_What is needed_
The line containing "1 maravedí 1799" marks the end: restate word for word every line from the first line of the entries below through that one.

_Data records_
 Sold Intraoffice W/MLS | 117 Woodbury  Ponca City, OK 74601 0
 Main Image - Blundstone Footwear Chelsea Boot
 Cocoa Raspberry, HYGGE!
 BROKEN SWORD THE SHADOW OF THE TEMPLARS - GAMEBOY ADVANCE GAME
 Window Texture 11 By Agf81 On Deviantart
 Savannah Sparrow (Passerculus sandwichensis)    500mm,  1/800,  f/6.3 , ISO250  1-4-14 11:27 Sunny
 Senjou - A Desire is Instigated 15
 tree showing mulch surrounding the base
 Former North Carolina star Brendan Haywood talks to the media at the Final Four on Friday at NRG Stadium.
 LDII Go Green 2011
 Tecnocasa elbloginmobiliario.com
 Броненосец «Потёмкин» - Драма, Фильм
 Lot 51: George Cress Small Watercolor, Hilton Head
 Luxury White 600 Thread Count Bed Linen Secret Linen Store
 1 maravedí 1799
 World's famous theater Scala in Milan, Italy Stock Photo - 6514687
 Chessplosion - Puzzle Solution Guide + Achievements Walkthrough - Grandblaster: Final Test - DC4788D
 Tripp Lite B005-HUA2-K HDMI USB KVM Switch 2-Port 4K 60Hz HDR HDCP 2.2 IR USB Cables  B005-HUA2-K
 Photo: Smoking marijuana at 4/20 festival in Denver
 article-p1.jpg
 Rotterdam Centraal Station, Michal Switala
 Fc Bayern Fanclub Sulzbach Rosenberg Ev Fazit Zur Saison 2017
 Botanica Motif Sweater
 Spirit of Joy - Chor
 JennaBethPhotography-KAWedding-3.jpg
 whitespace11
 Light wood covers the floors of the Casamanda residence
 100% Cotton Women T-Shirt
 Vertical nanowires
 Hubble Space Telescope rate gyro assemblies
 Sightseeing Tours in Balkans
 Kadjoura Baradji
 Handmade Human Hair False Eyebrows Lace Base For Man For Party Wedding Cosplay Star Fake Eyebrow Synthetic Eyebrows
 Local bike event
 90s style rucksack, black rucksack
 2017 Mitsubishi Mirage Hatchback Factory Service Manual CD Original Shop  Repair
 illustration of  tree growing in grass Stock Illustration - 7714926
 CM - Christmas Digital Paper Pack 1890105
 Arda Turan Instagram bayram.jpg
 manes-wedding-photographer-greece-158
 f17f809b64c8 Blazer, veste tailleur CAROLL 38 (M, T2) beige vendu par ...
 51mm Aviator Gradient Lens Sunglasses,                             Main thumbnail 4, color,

_Answer to this task_
 Sold Intraoffice W/MLS | 117 Woodbury  Ponca City, OK 74601 0
 Main Image - Blundstone Footwear Chelsea Boot
 Cocoa Raspberry, HYGGE!
 BROKEN SWORD THE SHADOW OF THE TEMPLARS - GAMEBOY ADVANCE GAME
 Window Texture 11 By Agf81 On Deviantart
 Savannah Sparrow (Passerculus sandwichensis)    500mm,  1/800,  f/6.3 , ISO250  1-4-14 11:27 Sunny
 Senjou - A Desire is Instigated 15
 tree showing mulch surrounding the base
 Former North Carolina star Brendan Haywood talks to the media at the Final Four on Friday at NRG Stadium.
 LDII Go Green 2011
 Tecnocasa elbloginmobiliario.com
 Броненосец «Потёмкин» - Драма, Фильм
 Lot 51: George Cress Small Watercolor, Hilton Head
 Luxury White 600 Thread Count Bed Linen Secret Linen Store
 1 maravedí 1799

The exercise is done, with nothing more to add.